■ SUPPLIED ENTRIES:
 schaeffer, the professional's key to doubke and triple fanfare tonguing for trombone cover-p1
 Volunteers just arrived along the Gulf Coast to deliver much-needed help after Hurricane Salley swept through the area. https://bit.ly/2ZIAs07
--
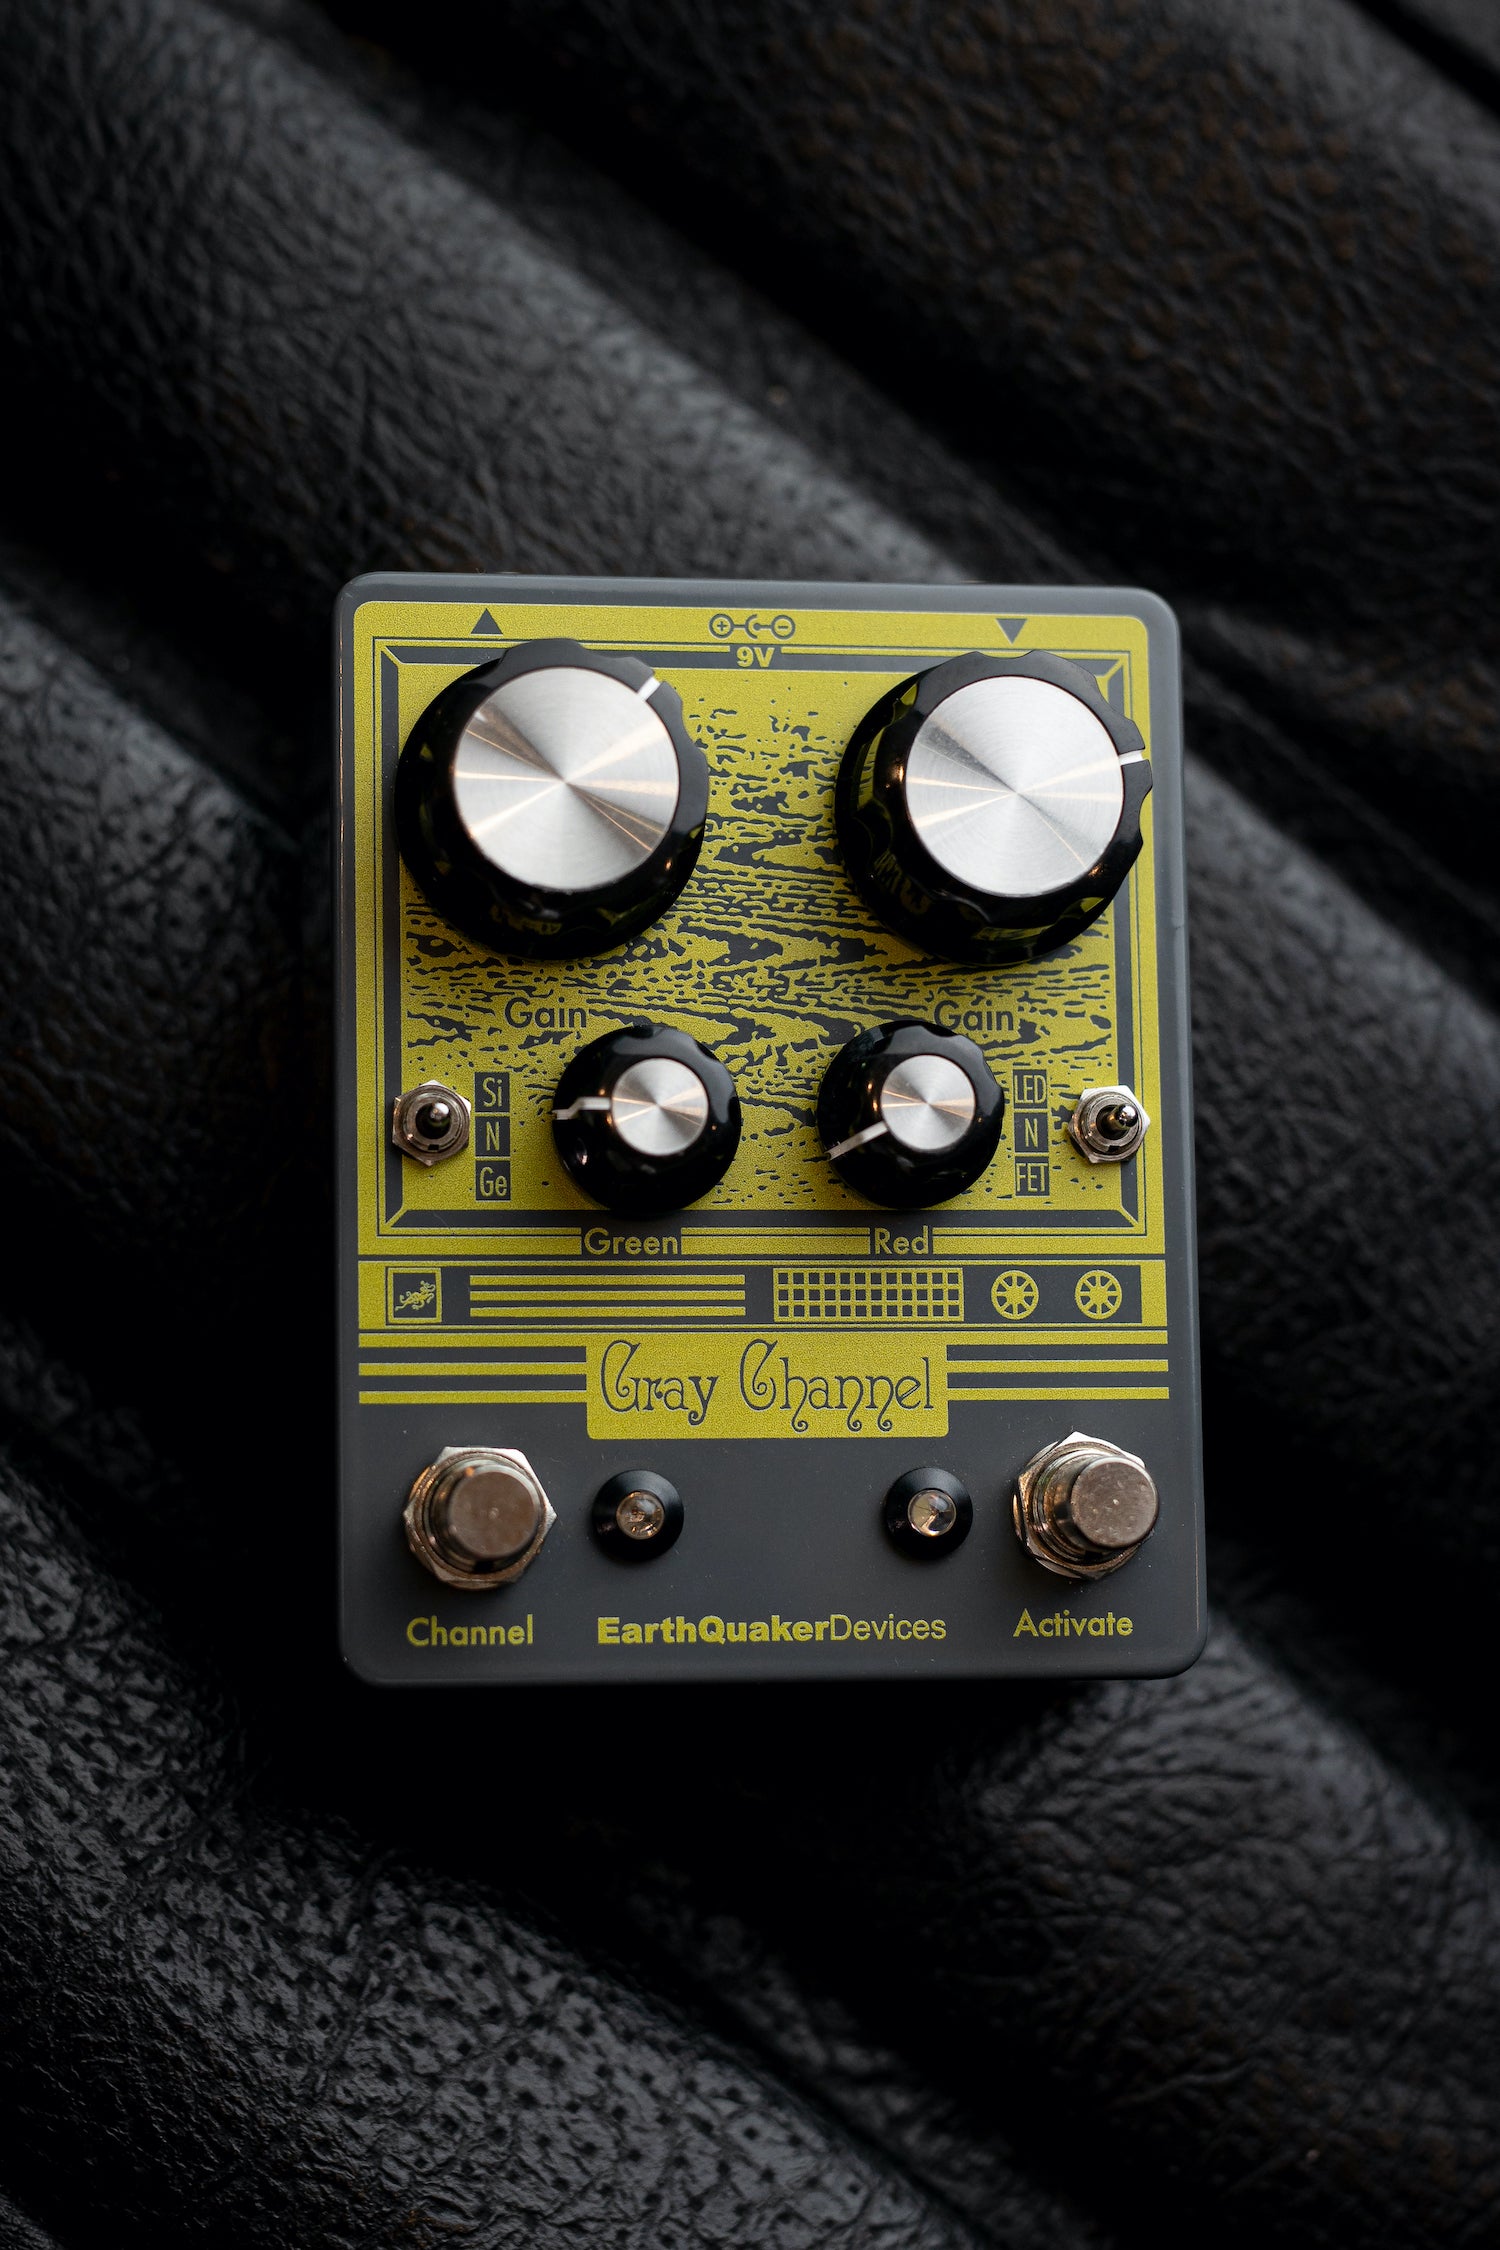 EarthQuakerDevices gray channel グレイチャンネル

■ ABOUT THIS TASK: All lines above from the one containing "schaeffer, the professional's" to the one containing "Volunteers just arrived" must be repeated exactly, both lines included, and no others.

■ OUTPUT OF THE EXERCISE:
 schaeffer, the professional's key to doubke and triple fanfare tonguing for trombone cover-p1
 Volunteers just arrived along the Gulf Coast to deliver much-needed help after Hurricane Salley swept through the area. https://bit.ly/2ZIAs07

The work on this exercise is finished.